I’ll attach some code with comments describing how strangely and differently DT deals with different parameters for the “set data” command.
set dtrootgroup to "Inbox_test"
set source_URL to "file://localhost/folders/Scrapbook/20050310200743/index.html"
(*
dealing with scrapbook folder, looping and repeating, dealing with index.dat etc....
i'm happy to share it once we've solved this set data-thing....
*)
create_new_rec_webarchive("Das Leben als Chance zur Krise", source_URL, "www.test.de/order/blub.html", {"history", "warfare"}, dtrootgroup, "20050310162344")
on create_new_rec_webarchive(theTitle, scrapbookURL, originURL, scrapbookfolder, devonwebstoregroup, timestamp)
tell application "DEVONthink Pro"
try
-- Set target group
set AppleScript's text item delimiters to {"/"}
set targetpath to devonwebstoregroup & "/" & (scrapbookfolder as string)
set AppleScript's text item delimiters to {""}
set targetlocation to create location targetpath
-- Create Record
set theArchive to create record with {name:theTitle, type:html, URL:originURL, path:scrapbookURL} in targetlocation
--#########################
--##### the crucial DT lines
-- Fill the webarchive with content
--set data of theArchive to download web archive from scrapbookURL
-- content not displayed in dt if disconnected from source,
-- "open with...> safari" works fine
--set data of theArchive to download web archive from "http://www.heise.de/newsticker/meldung/87932"
-- works fine in script, shows page in DT even with
--airport off, everything's just perfect
set data of theArchive to download web archive from "http://localhost/~meandmyhome/index.html"
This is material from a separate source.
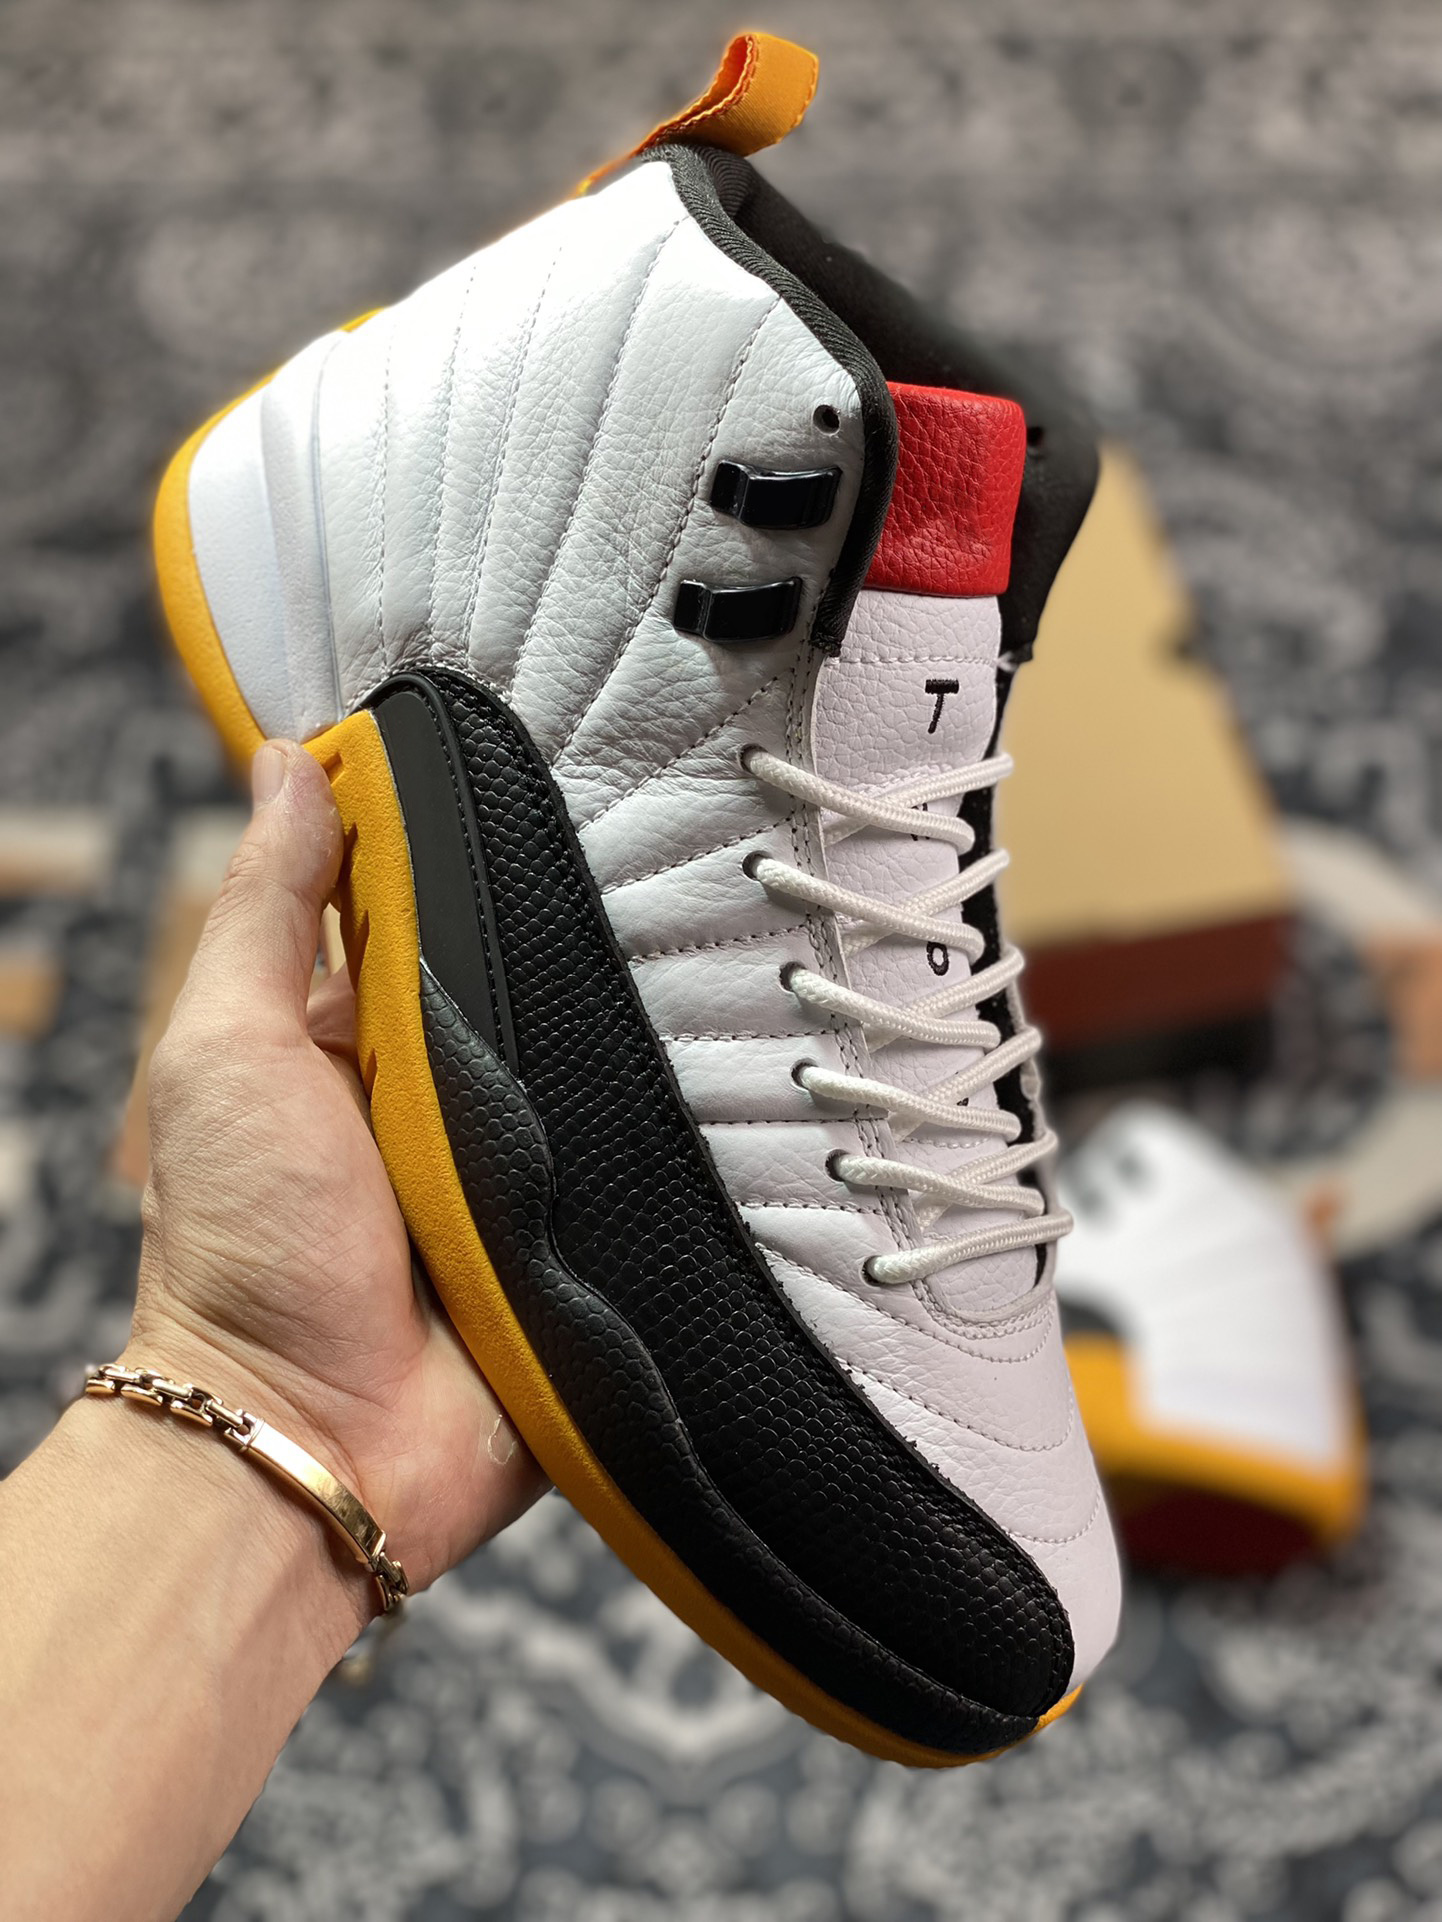 

Shoes Jumpman Authentic 12 25 Years in China Sneakers Black Taxi Varsity Red 12S Flu Game Brilliant Orange Retro Real Carbon Fiber Sports, #1 stealth

--raises err 1700 from dt, even though the
--URL mentioned works fine in Safari
--set data of theArchive to download web archive from "http://localhost/~meandmyhome/scrapbookroot/20050310200743/index.html"
--raises err 1700 from dt, even though the
--URL mentioned works fine in Safari
-- stuff commented out
--set path of theArchive to scrapbookURL
--set URL of theArchive to originURL
--set comments = folder
--set creation date = timestamp...
--..omitted stuff
on error errText number errNum
log "###ERROR: " & scrapbookURL
log errText & ", " & errNum
end try
end tell
end create_new_rec_webarchive